### What to do
Leaving out every picture, quote the data below exactly as it appears.
══ Collected material ══
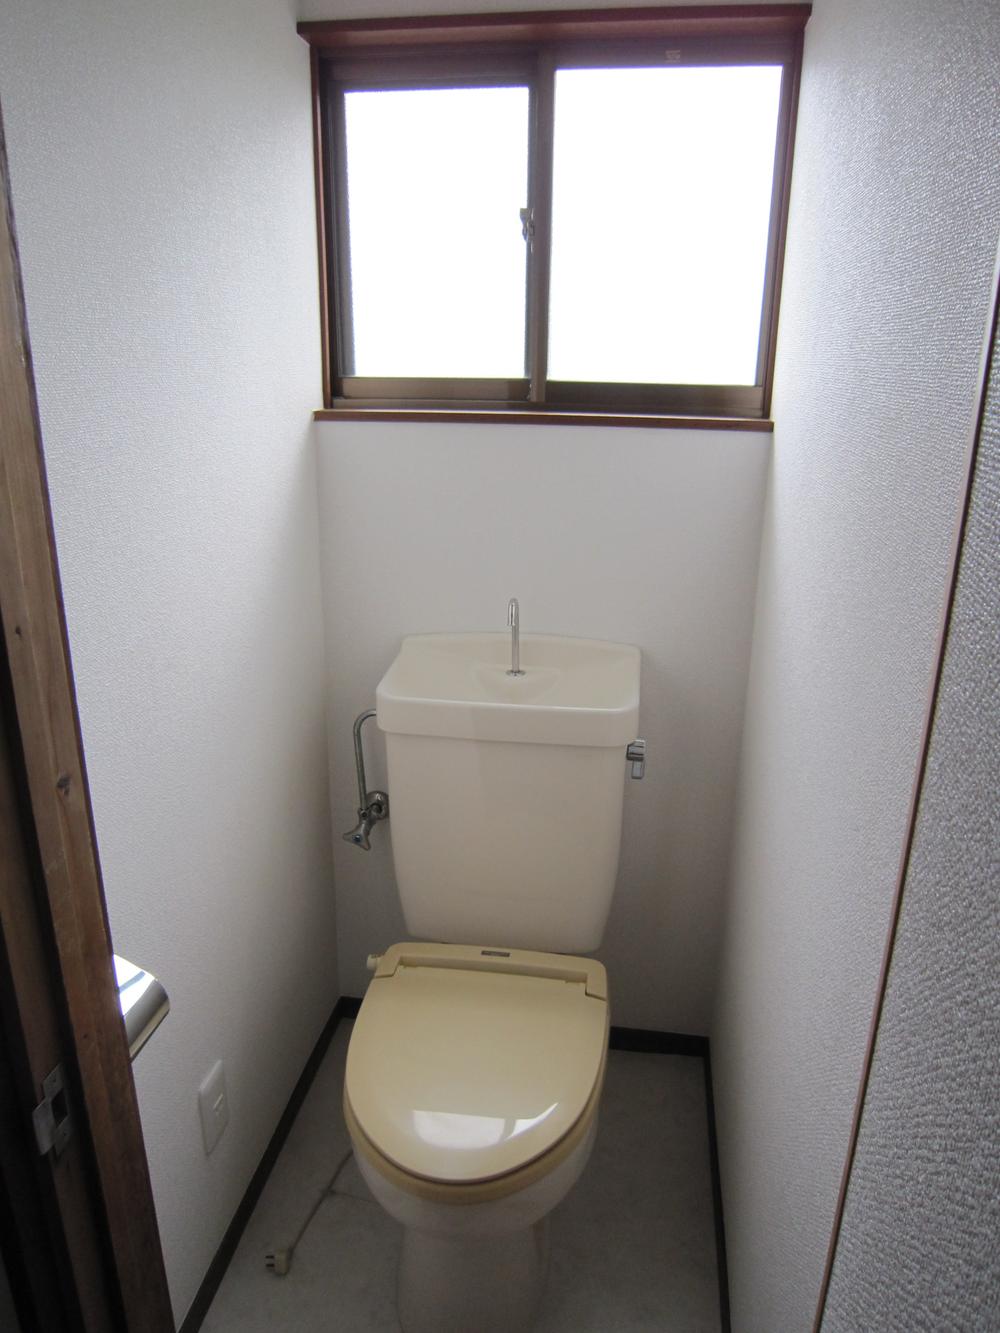 Toilet. Indoor (June 2010) Shooting
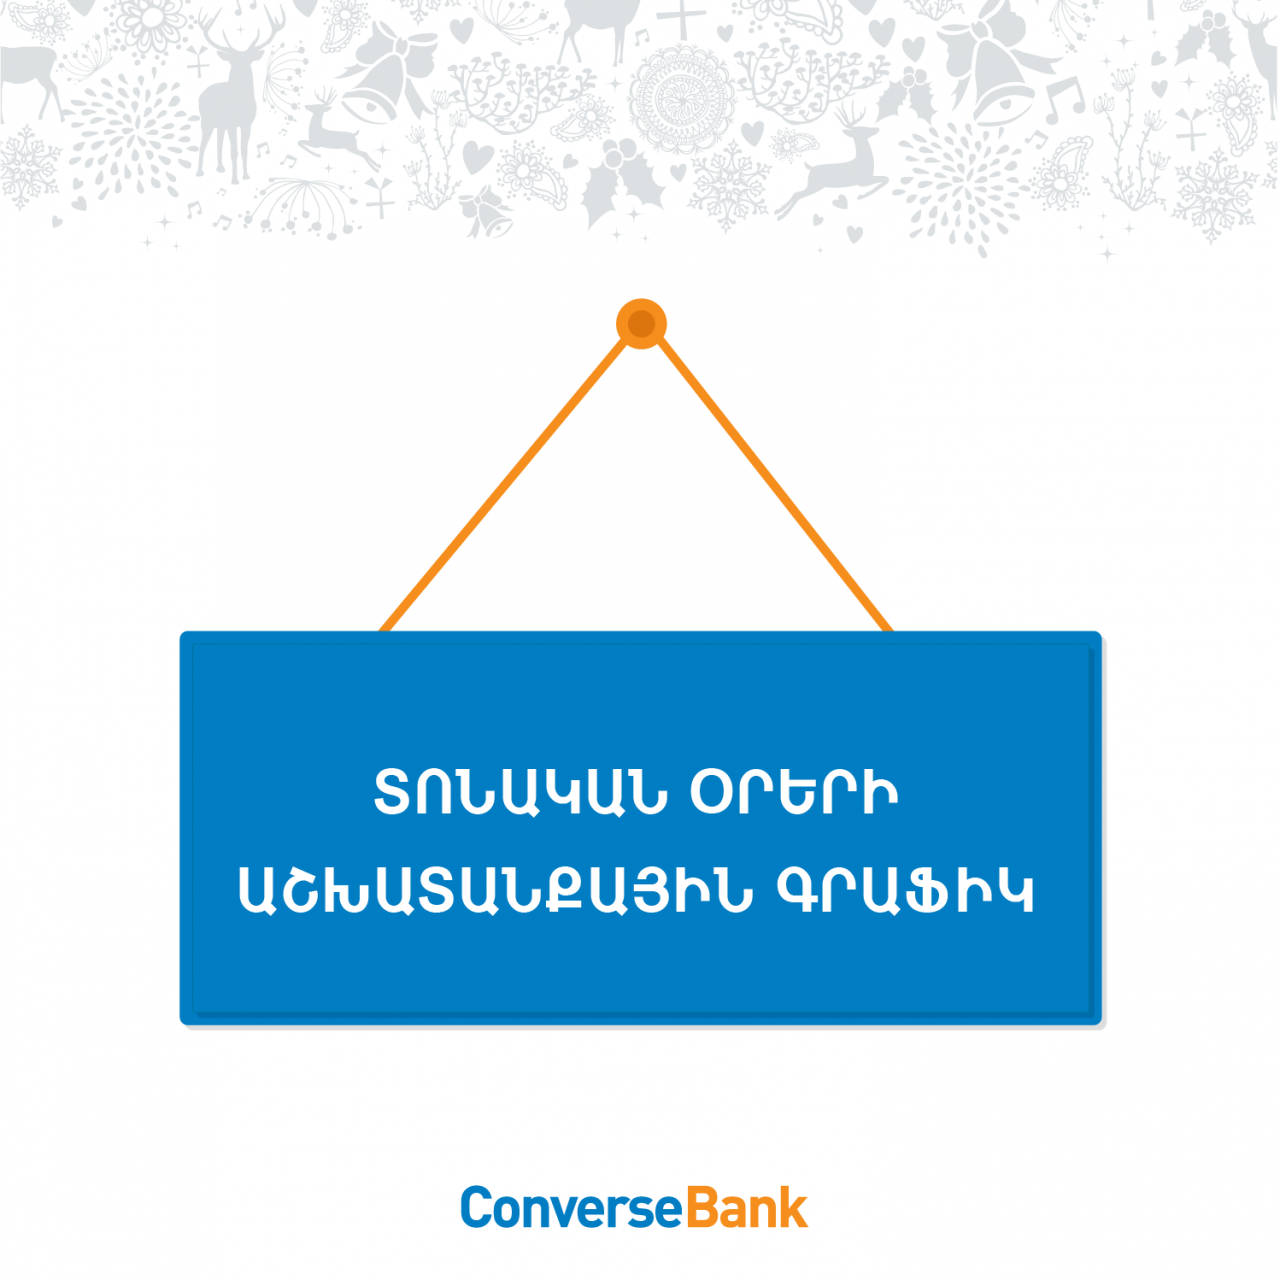 Կոնվերս բանկի մասնաճյուղերն աշխատելու են հունվարի 3-ին և 4-ին
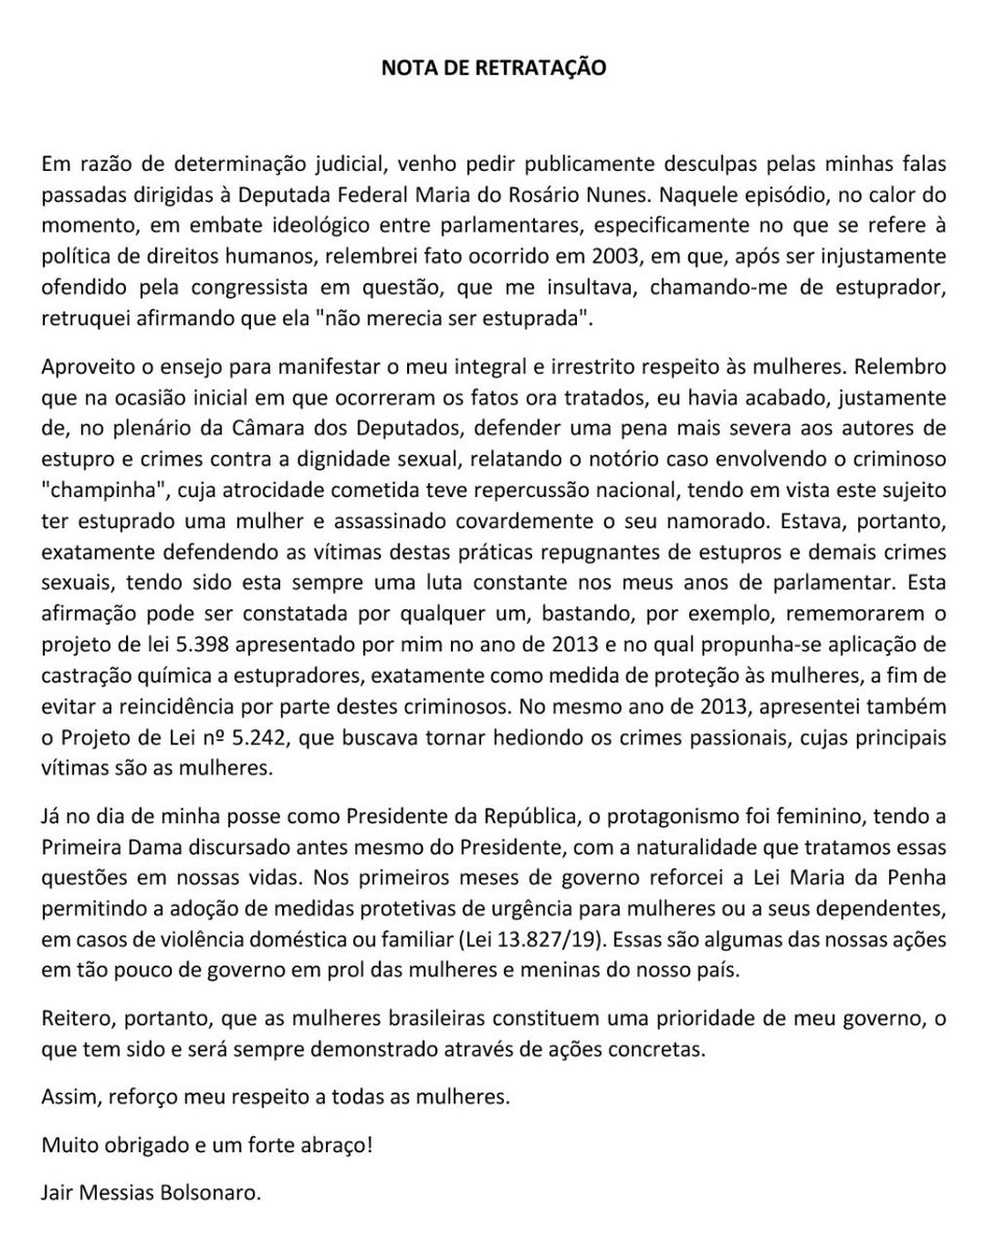 Ãntegra da nota de retrataÃ§Ã£o publicada por Bolsonaro em redes sociais â Foto: ReproduÃ§Ã£o
═══
### Answer section
 Toilet. Indoor (June 2010) Shooting
 Կոնվերս բանկի մասնաճյուղերն աշխատելու են հունվարի 3-ին և 4-ին
 Ãntegra da nota de retrataÃ§Ã£o publicada por Bolsonaro em redes sociais â Foto: ReproduÃ§Ã£o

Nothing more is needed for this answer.